Creation’s Amazing Computer

Computers Show that Evolution Has an Information Problem

by Chris Tingle on September 1, 1996

Originally published in Creation 18, no 4 (September 1996): 24-25.

‘Where’, questions the creationist, ‘would the information come from to effect such a transformation?

There is a problem which arises from the evolutionary belief that certain biological structures have ‘evolved’ from others, such as feathers from scales. ‘Where’, questions the creationist, ‘would the information come from to effect such a transformation? The seriousness of this problem can be illustrated in the use of computers.

The two main features of computers are referred to as hardware and software. Computer hardware is the screws, wires, cabinets, circuit boards, screens, magnetic disks, and other physical, ‘touchable’ parts. Software is the collection of programs which cause a computer to perform a desired operation or series of operations.

Software is recorded on to magnetic disks or tapes by an arrangement of magnetic patterns, much like a musical cassette tape. Some pattern exists on the disk whether there is software recorded on the magnetic surface or not. The thing that makes these patterns ‘software’ is that their arrangement is meaningful to the computer.

What makes the difference between the blank disk and the disk with software on it? What makes the difference between the blank cassette tape and the tape with music on it? The two items are physically and chemically the same. The difference is information. In order to ‘write’ software to a disk, we must provide information on how to arrange those patterns.

In nature we see the same basic elements. There is hardware in the flesh-and-blood bodies of animals, and in the leaves and branches of trees. Software is the information which arranges the basic building blocks of life that form a living creature.

This is where the information problem for biological evolution comes in. Certain structures, we are asked to believe, ‘evolved’ into other structures. For example, scales allegedly evolved into feathers, gills into lungs, fins into legs, and so on. So let’s look at scales and feathers (any two structures could be substituted). There are three elements here:

  1. The information built into the genetic code for scales.
  2. The information built into the genetic code for feathers.
  3. The information which processes genetic information through reproduction, growth and repair.

Here is the problem:

The information in 1 and 2 is different. The information in 1 is not a subset of 2, or vice versa—1 and 2 are different. However, the information in 3, the processing, does not include the information required to make the transformation from 1 to 2. Process 3 is a proven, faithful reproducer of the data from 1 or the data from 2.

In the computer industry we know all about random mutations, except we call them ‘corruptions’, because they are never good. Plenty of checks are built in to weed them out. If, for the sake of argument, we let these corruptions happen, a programmed computer order for ‘Mickey Mouse watches’ may become something like ‘Mjckfz Movsl W’tdx!‘. However, the order would never become something like ‘cordless electric drills’. The programs will never change the data. Computers can automatically generate data, but only meaningless garbage. Meaningful information comes only by addition of information from an intelligent source.

In the same way, the genetic program in living things does not change the genetic data. Experience has taught us that it is very faithful to reproduce the original pattern exactly. Random mutations only confuse and corrupt the genetic data. They never create new forms. The information for feathers and scales is different, just as Mickey Mouse watches and cordless electric drills are different. Mickey Mouse watches haven’t evolved into ‘higher’ forms.

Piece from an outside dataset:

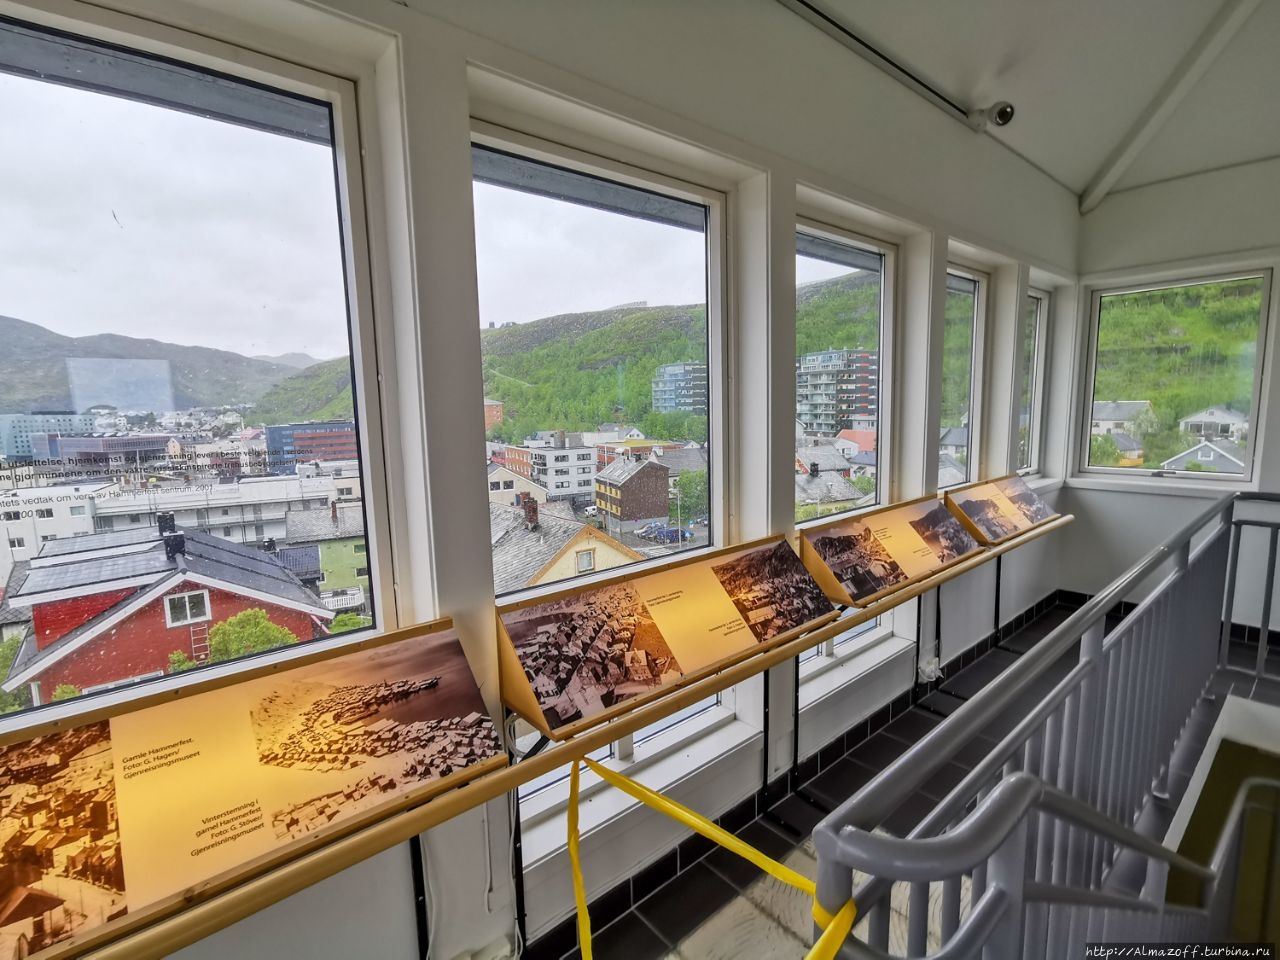 Музей восстановления северных норвежских городов Хаммерфест, Норвегия

Natural selection also does not change the genetic data. It merely causes different emphases, or rearrangements, of the same data.

In summary then, the information problem gets to the very heart of the evolution issue. You can argue all you like about the similarity of species, transitional forms, or natural selection. There is still one basic element missing—the mechanism for change—which requires the addition of new information from an intelligent source. There must be a Creator to provide the information in the first place. If there had been any substantial change, as evolutionists would have us believe, the information required would have to come from the Creator whom they deny exists. (‘In the beginning, God created the heavens and the earth’ (Genesis 1:1).)

Computer programs do not create themselves—we have to create them. Likewise, the genetic program in living creatures is unable to spontaneously create itself. It too must be programmed by ‘someone’. Why is it that we see all around us the things we have created, and yet so many of us deny that we ourselves have a Creator? As the Apostle Paul said:

For the invisible things of Him from the creation of the world are clearly seen, being understood by the things that are made, even His eternal power and Godhead; so that they are without excuse’ (Romans 1:20).

Let us not close our eyes to the invisible things, but rather give glory and honour to Him to whom it is due—to the one who was the originator of the programs for life.

Chris Tingle, B.Sc., works for a large computer equipment manufacturing firm in the United Kingdom. He is a keen creationist, and has recently moved with his family from Australia to the UK to work with a growing church.